(WXYZ) - The Michigan Retailers Association (MRA) has called on the State Treasurer to bill giant online retailer Amazon for sales taxes owed to the state and to close an Internet sales tax loophole that they say threatens Michigan’s economy.
The MRA says that Amazon is able to offer lower prices to consumers than local businesses by ignoring the State of Michigan’s six percent sales tax.
Amazon is a multinational electronic commerce company headquartered in Seattle, but the MRA says it should be collecting sales taxes because of its physical presence in Michigan.
“There is a lot of ambiguity on whether a company that separately incorporates an office from its retail arm has to collect online taxes or not,” said Michael Mazerov, a member of a policy think tank in Washington, D.C. “It’s kind of a gray area and Amazon has been aggressive at exploiting that gray area.”
With warehouse and distribution centers in numerous states, Amazon is able to quickly deliver products to consumers while charging cheaper prices than local businesses.
Amazon operates Brilliance Audio, a wholly owned subsidiary in Grand Haven, Mich. Yet, the company has been able to give its customers a break in prices by setting up its subsidiaries as independent entities.
The MRA says this presence must force the corporation to operate as local businesses.
“Because Amazon has a physical presence in Michigan it has sufficient nexus with the state and should be collecting sales tax for Michigan-based online purchases on its website,” said MRA president James P. Hallan in a letter to State Treasurer Andy Dillon. “We urge Treasury…to send a bill to Amazon for sales tax owed.”
Amazon has stated through social media sites that it plans to soon open a second subsidiary in Detroit.
“While we are excited that Amazon plans to increase its investment in Michigan by opening a second Michigan location, the time has come for them to start playing by the same rules as every other Michigan job maker,” said Hallan.
The Michigan sales tax says that purchases made outside the state are to be charged a “use tax” of six percent on all purchases. However, the rapid growth of Internet sales has caused substantial revenue loss because online companies refuse to report the use tax.

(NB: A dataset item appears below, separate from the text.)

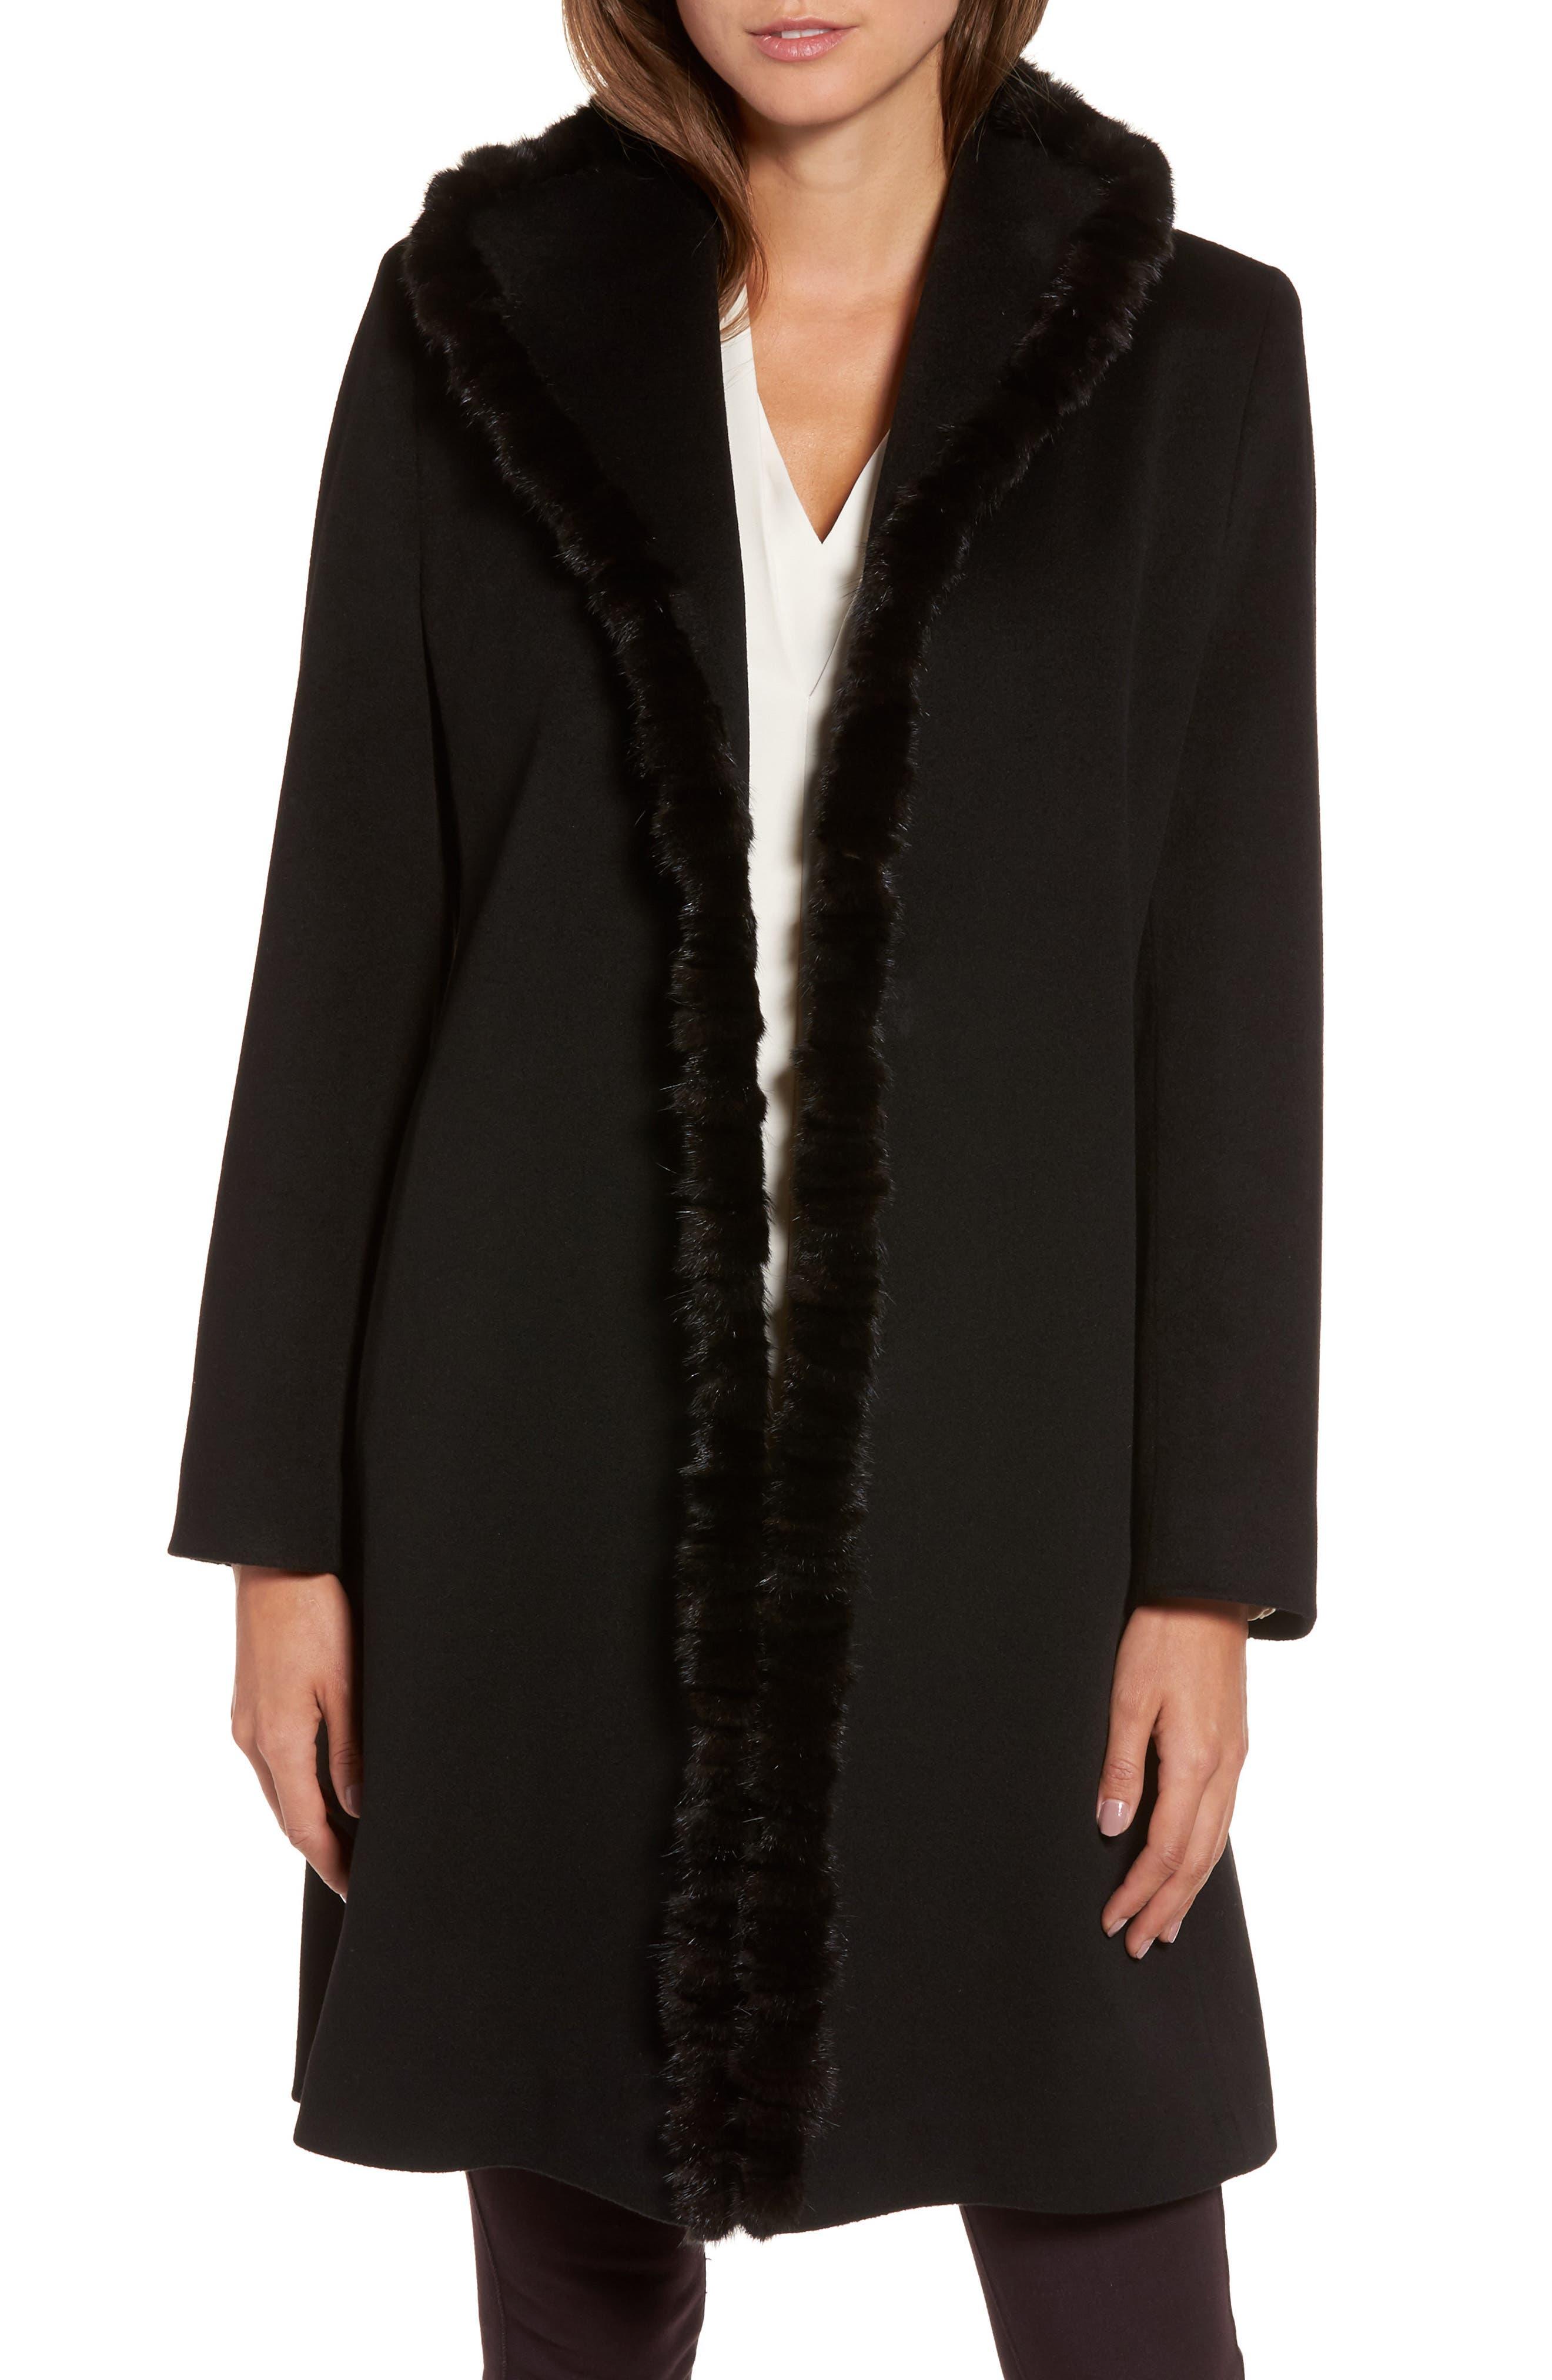 Loro Piana Wool Wing Collar Coat with Genuine Mink Trim,                             Main thumbnail 1, color,                             001

“Amazon has avoided collecting taxes on its Michigan sales for years,” Hallan commented. “That harms Michigan’s economy, is unfair to Michigan-based job providers and must stop. Other states have compelled Amazon to start paying taxes, and Michigan must do the same.”
Mazerov said that sales tax revenues account for a third of a state’s total revenues, so these online retailing practices have limited the sales tax revenues of states.
The Michigan Treasury Department estimates that the state may lose $1.6 billion in e-commerce sales from fiscal years 2005-13 because these sales taxes are ignored.
While Michigan has yet to take action on this issue, 25 other states have passed e-fairness legislation or agreed with Amazon to begin collecting state sales taxes.
If Michigan fails to take action, the Treasury Department reports it will miss out on about $242 million in tax revenue from online retailers like Amazon.